Explanation: Answer reason: Hospital-acquired conditions (HACs), such as pressure ulcers, are considered preventable events. When these occur during hospitalization, reimbursement may be reduced or denied because they reflect lapses in quality and safety care. Option B reflects a pre-existing condition present on admission. Option C is a common complication but not typically classified as a non-reimbursable HAC. Option D describes a safe assisted fall, which is not considered a preventable adverse event in the same category as HACs.

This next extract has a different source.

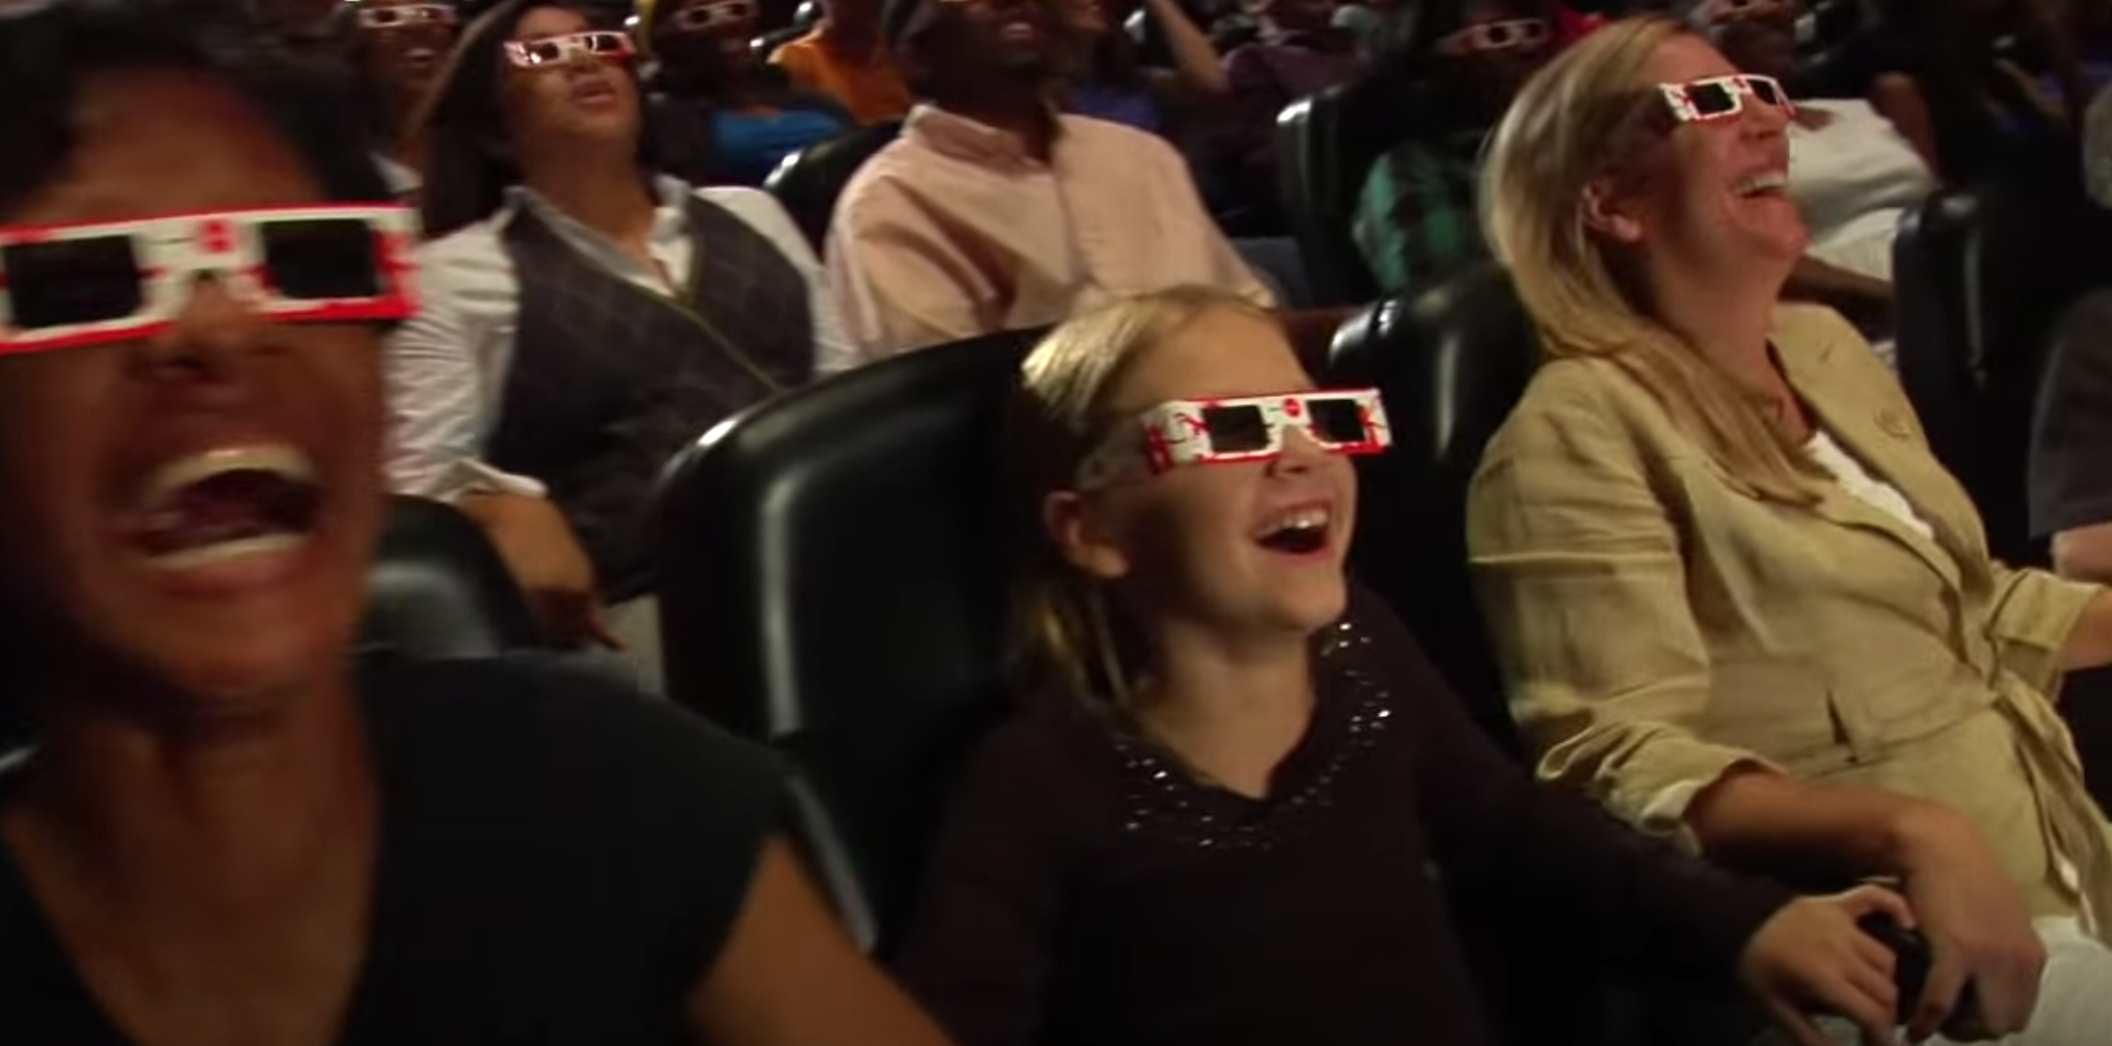 Audience members at the World of Coca-Cola wear 3-D glasses while watching a video.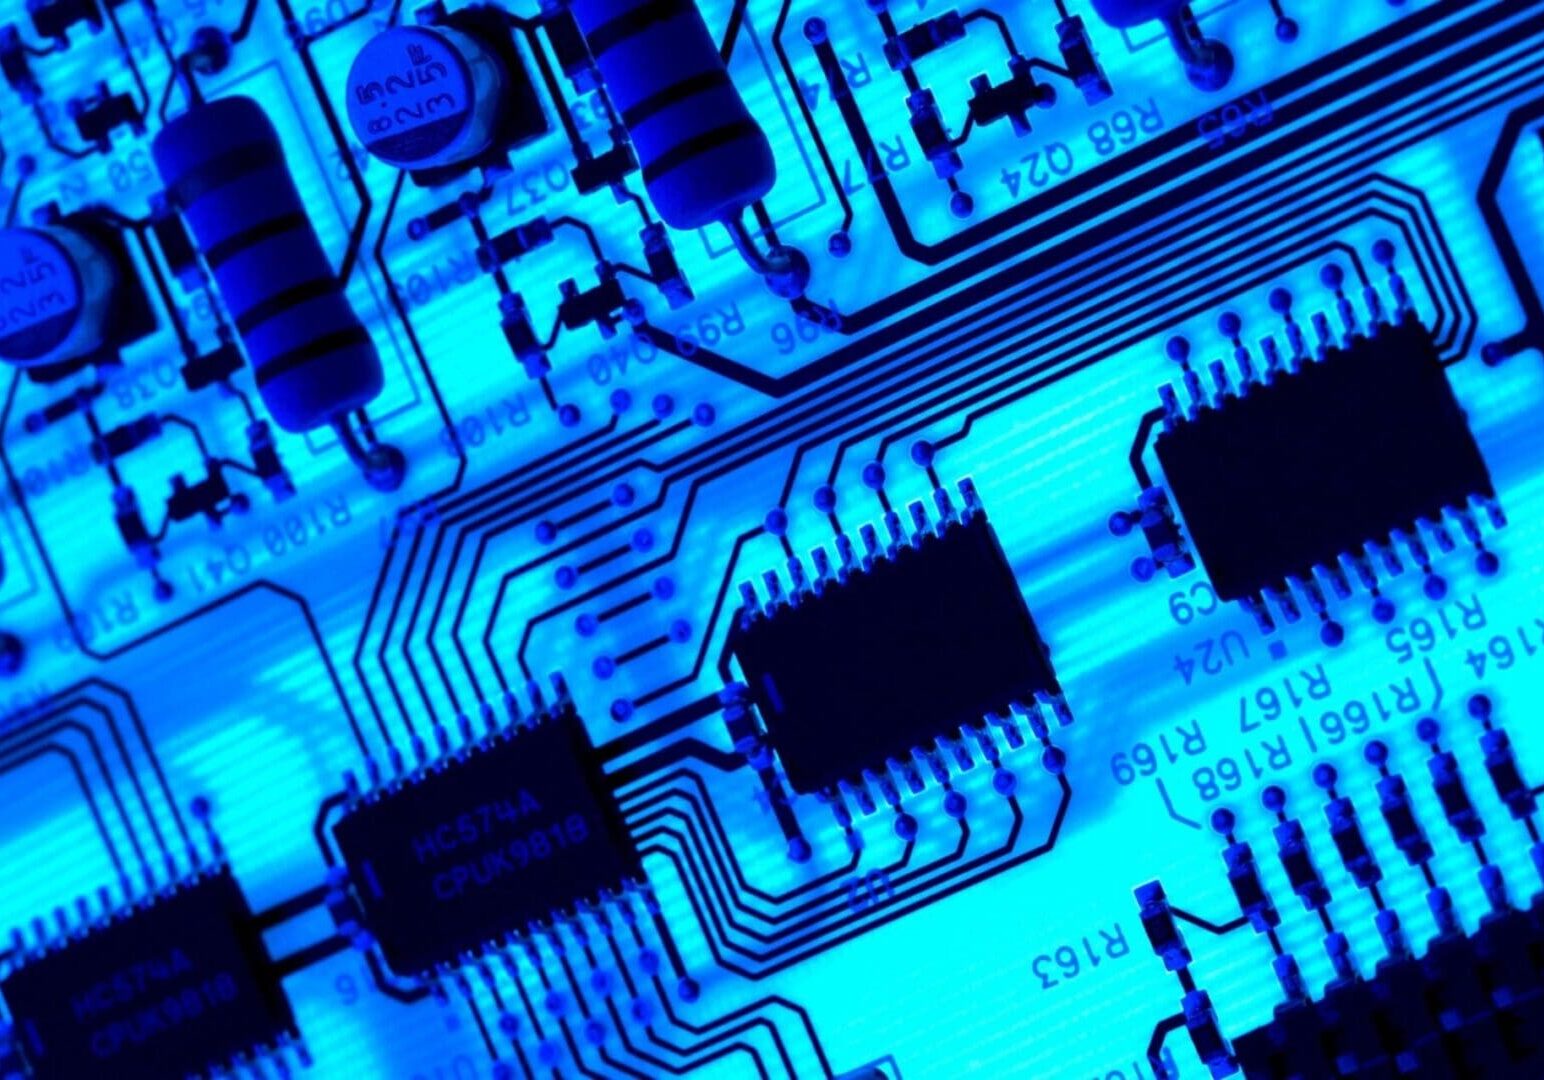 Close-up of a blue-lit circuit board featuring microchips and capacitors, showcasing detailed electronic components.

In reviewing an HCP’s orders for the client, the oncoming shift nurse finds that an antibiotic was prescribed but is not listed on the client’s MAR. Three doses were missed. Which action should minimize the nurse’s malpractice risk?
- Contact the previous nurse to discuss the omission
- Complete the agency’s incident or variance report
- Contact the HCP and request a new antibiotic order
- Document the reason for the error in the medical record
Explanation: Answer reason: Completing an incident/variance report ensures the error is formally documented, triggers system-level review, and supports patient safety and legal protection. Proper reporting demonstrates adherence to institutional policy and reduces malpractice risk.
Should the investigation of the fall go further, which of the following is the best source of factual information?
- Incident report
- Nurse's notes in the chart
- Anecdotal record
- Process recording
Explanation: Answer reason: An incident report is specifically designed to document objective, detailed information about unexpected events such as falls. It includes factual data for internal investigation, quality improvement, and risk management. While nurse’s notes may describe the event, the incident report provides the most structured and comprehensive factual record for formal review.
A risk is any event that causes problems or benefits on the healthcare institution. The medical director knows that potential risks must be identified across the hospital in order to prevent the following EXCEPT ...?
- Financial loss
- Incident reports
- Accident
- Injuries
Explanation: Answer reason: Risk management aims to prevent negative outcomes such as financial loss, accidents, and injuries. Incident reports are not outcomes to be prevented; they are documentation tools used after events occur to analyze and improve safety systems. Therefore, incident reports do not represent a preventable risk outcome.